*Work instruction*
The reply should consist solely of the lines from the one with "Womens Powercourt 123" through the final line of the listing, copied exactly, with no pictures.

*Information provided*
-------

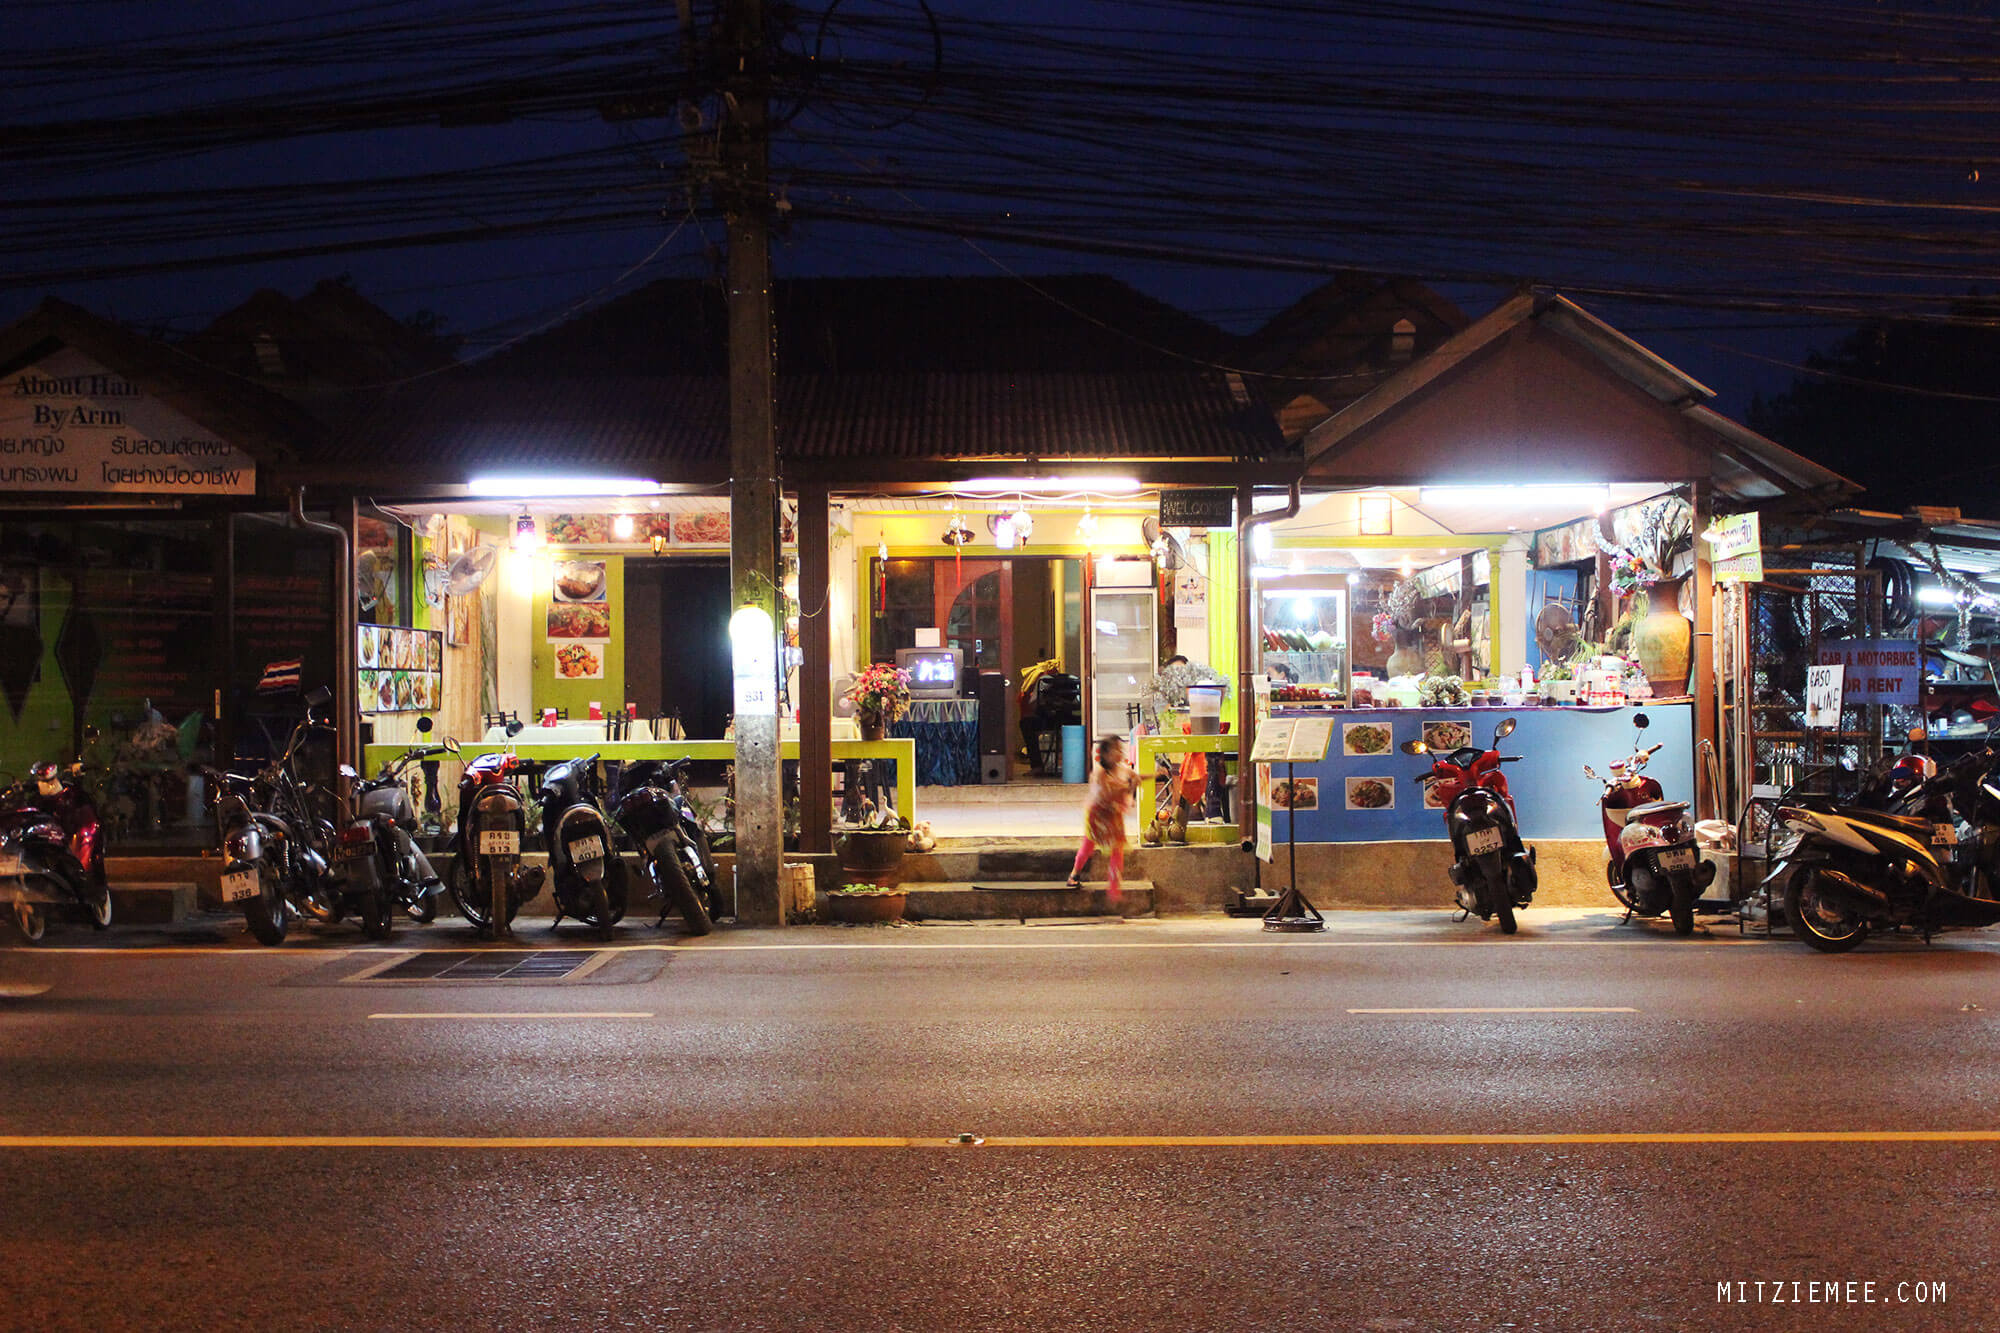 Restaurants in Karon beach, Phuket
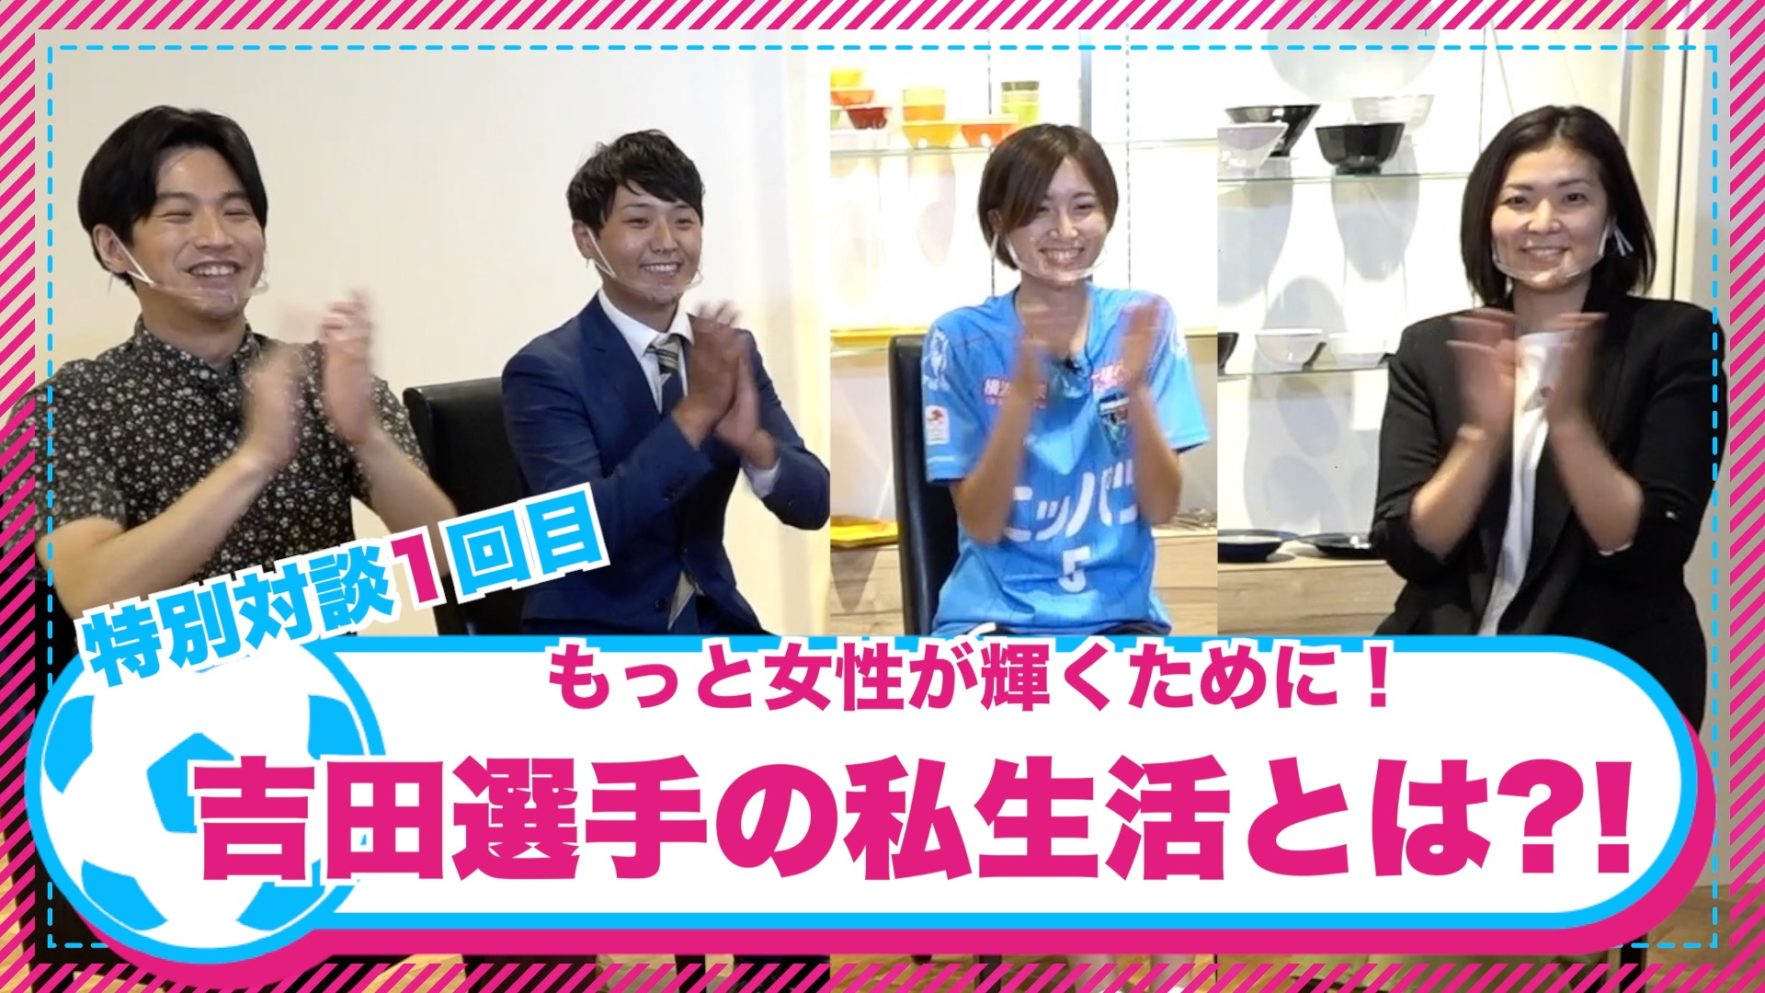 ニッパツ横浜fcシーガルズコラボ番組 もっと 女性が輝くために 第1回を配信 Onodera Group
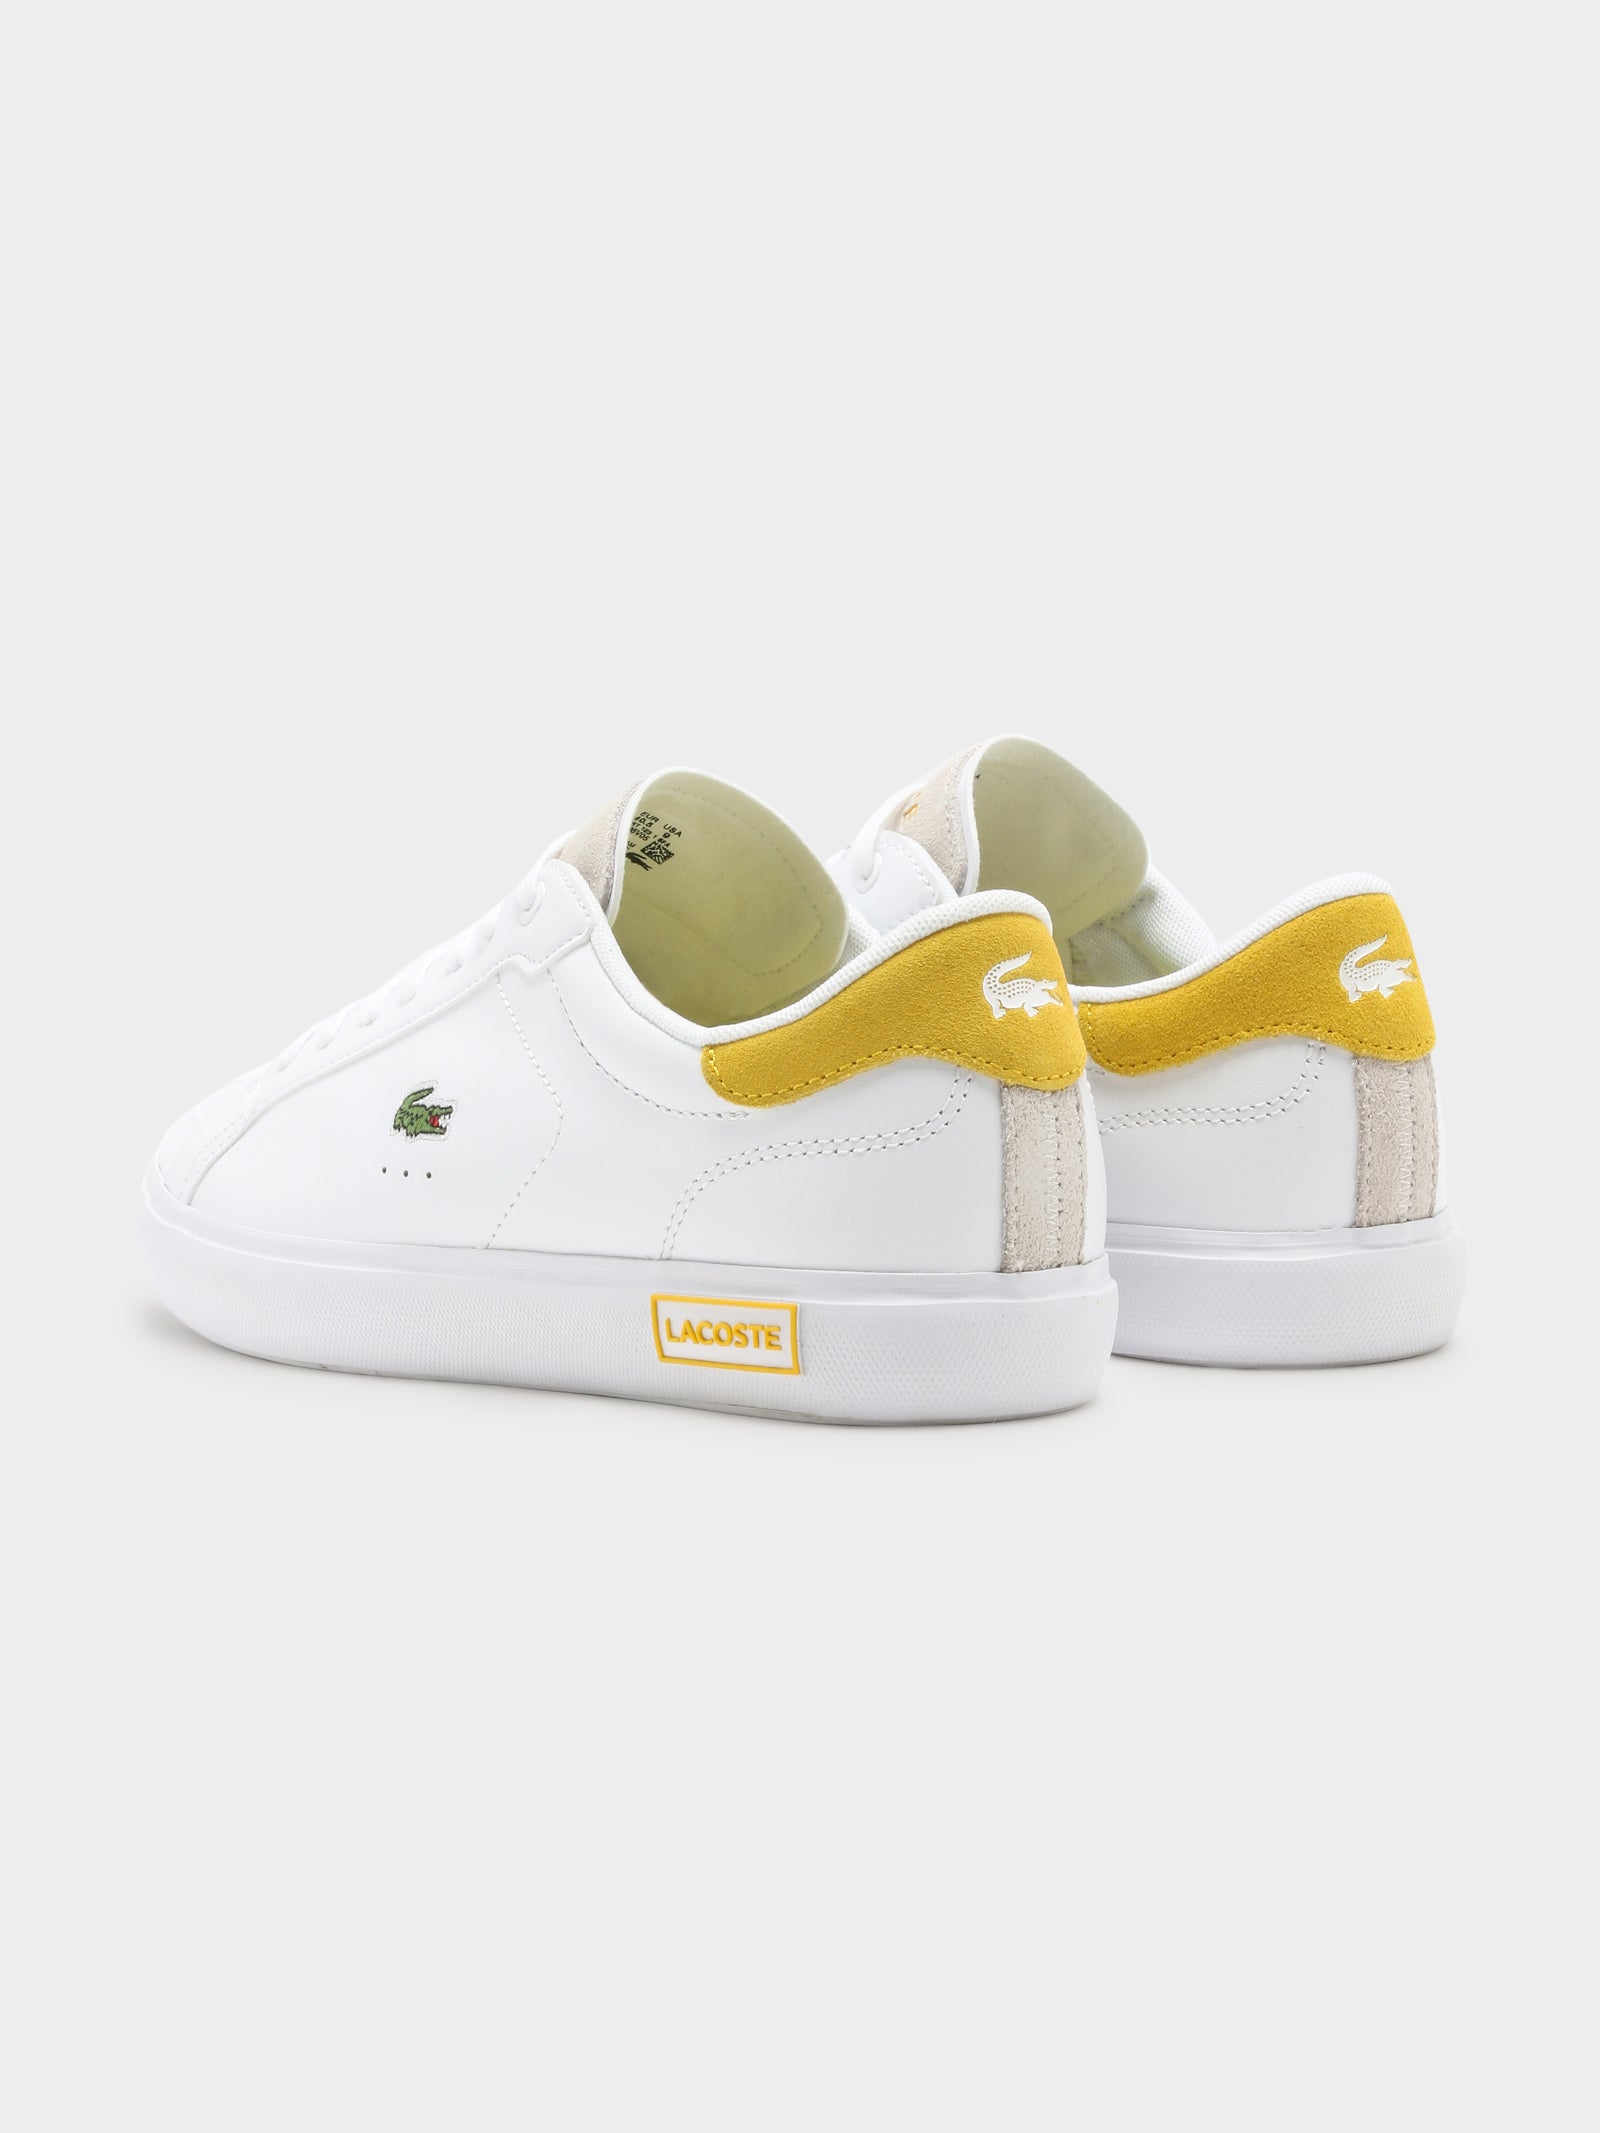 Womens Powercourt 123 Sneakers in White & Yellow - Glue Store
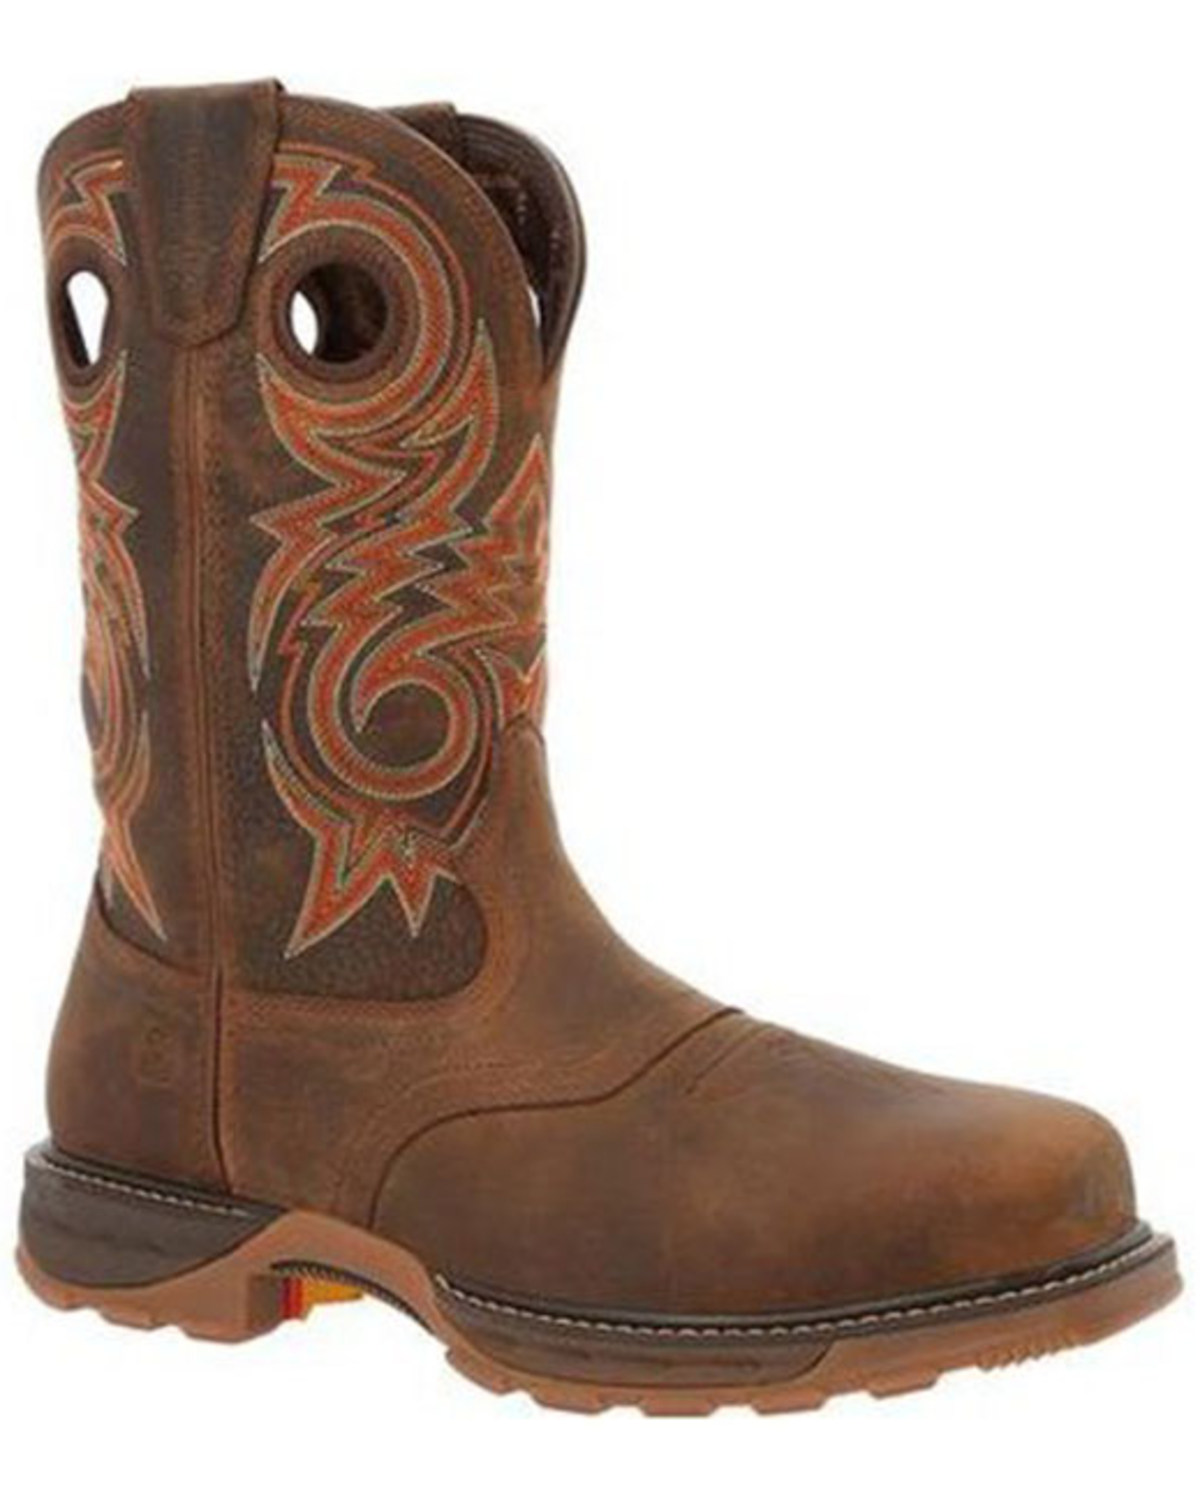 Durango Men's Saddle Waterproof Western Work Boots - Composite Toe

-------

*Answer for the task*
 Womens Powercourt 123 Sneakers in White & Yellow - Glue Store
 Durango Men's Saddle Waterproof Western Work Boots - Composite Toe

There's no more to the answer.